> [Task prompt]:
Reproduce each line of the following material exactly, omitting the images.

> [Information provided]:
::::
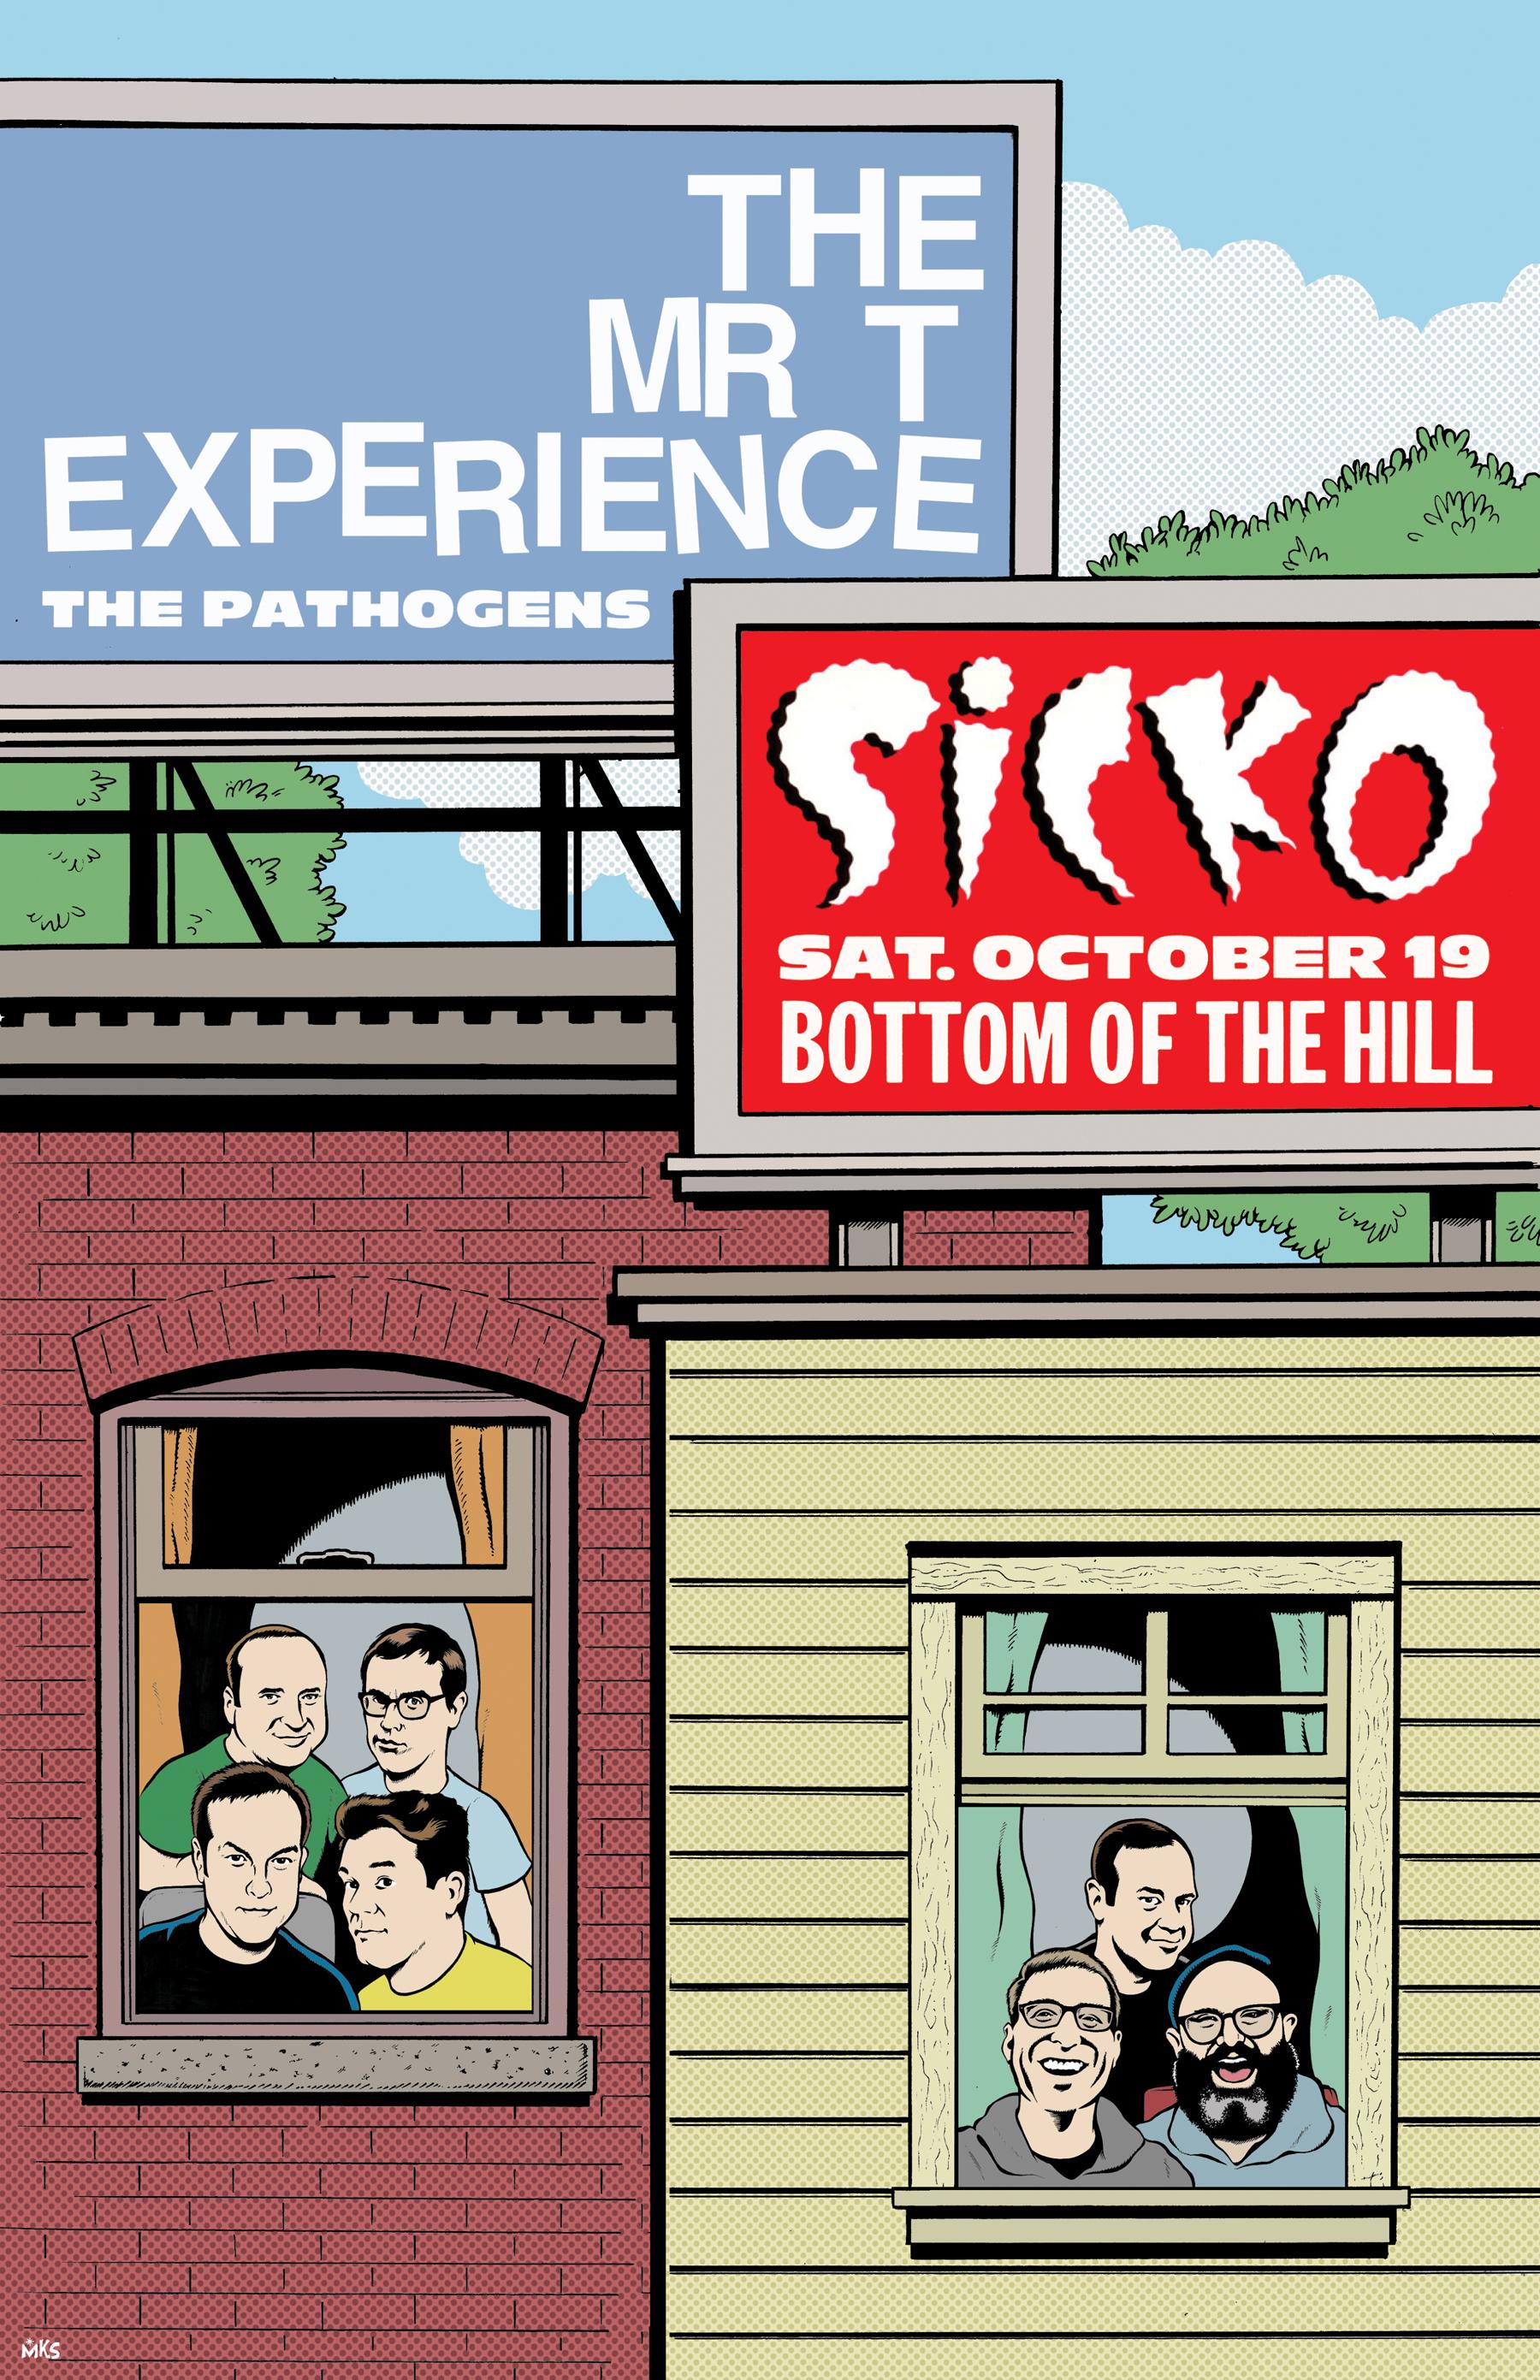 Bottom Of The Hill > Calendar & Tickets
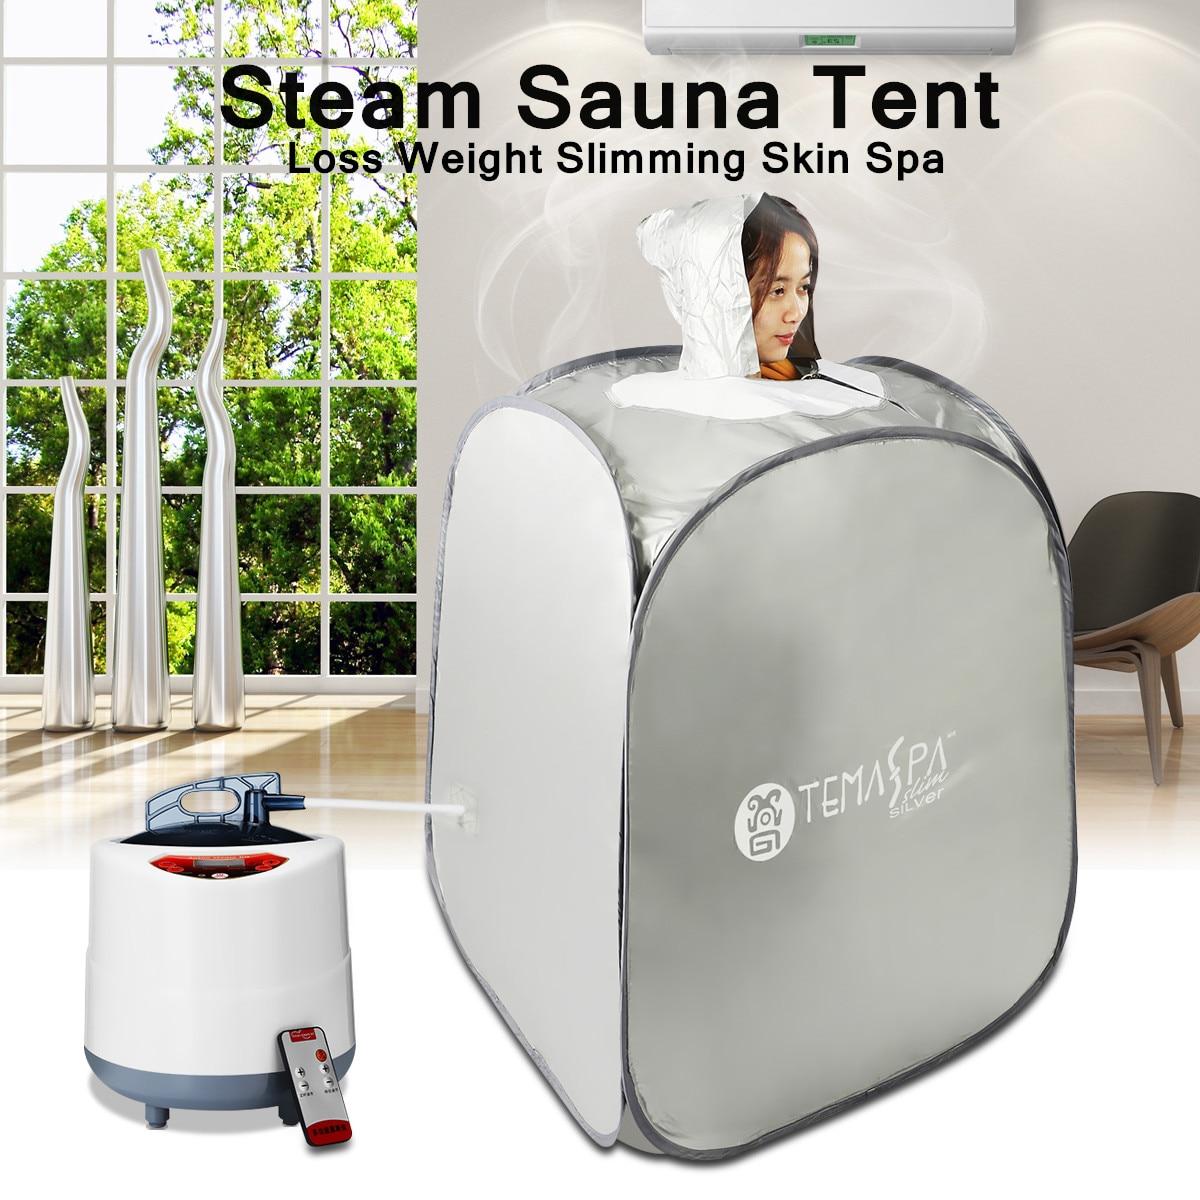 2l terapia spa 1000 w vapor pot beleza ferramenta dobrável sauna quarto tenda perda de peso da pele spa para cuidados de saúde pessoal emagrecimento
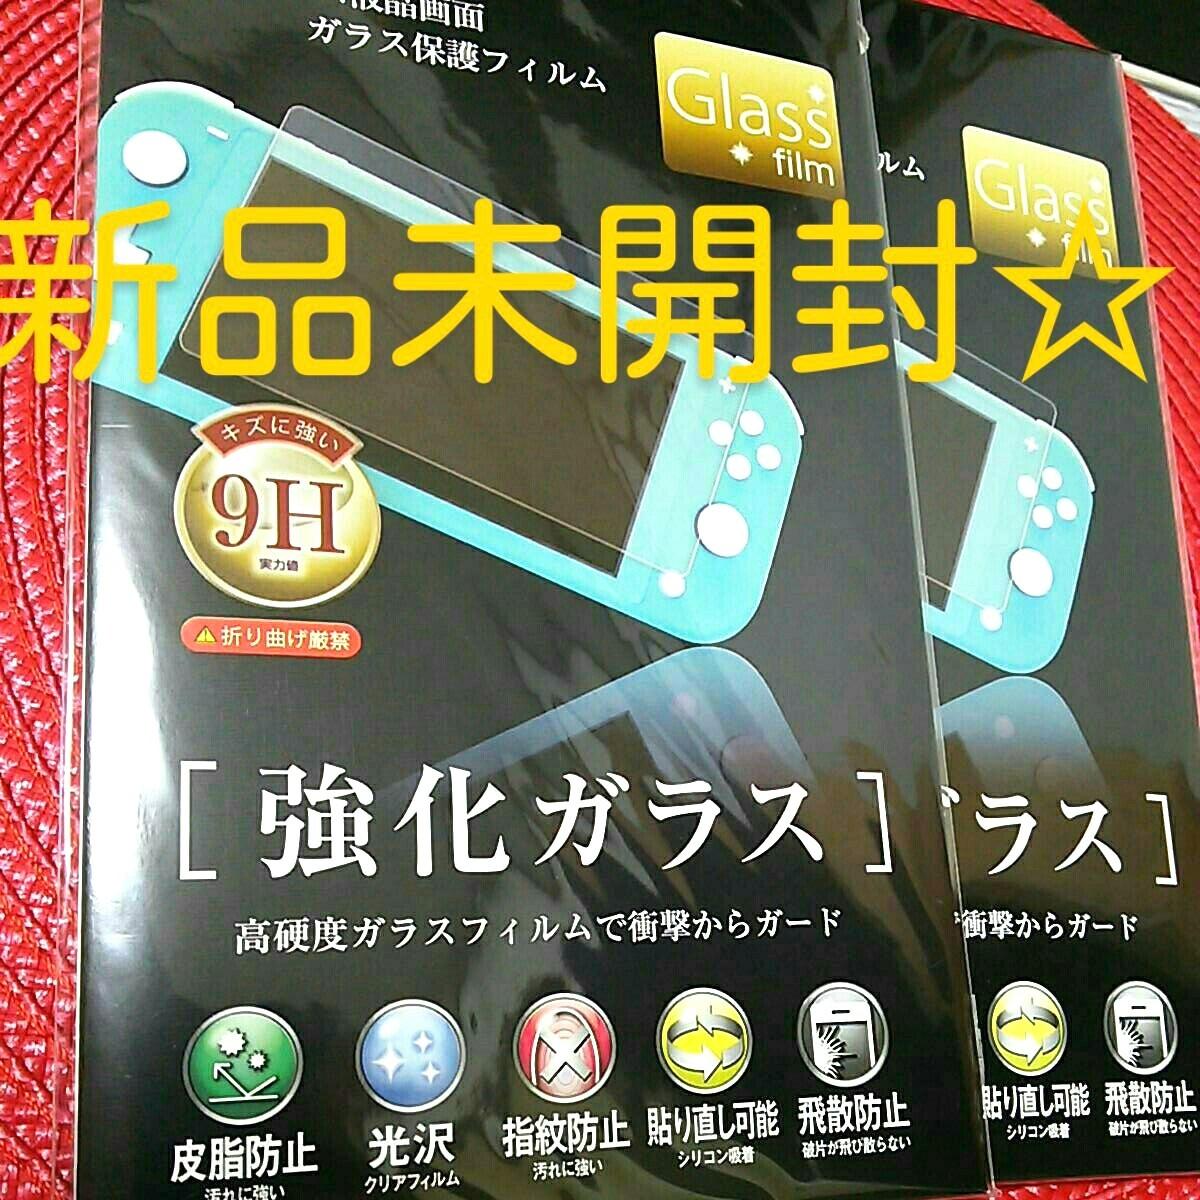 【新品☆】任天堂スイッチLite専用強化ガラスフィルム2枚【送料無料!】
::::
> [Solution to this problem]:
 Bottom Of The Hill > Calendar & Tickets
 2l terapia spa 1000 w vapor pot beleza ferramenta dobrável sauna quarto tenda perda de peso da pele spa para cuidados de saúde pessoal emagrecimento
 【新品☆】任天堂スイッチLite専用強化ガラスフィルム2枚【送料無料!】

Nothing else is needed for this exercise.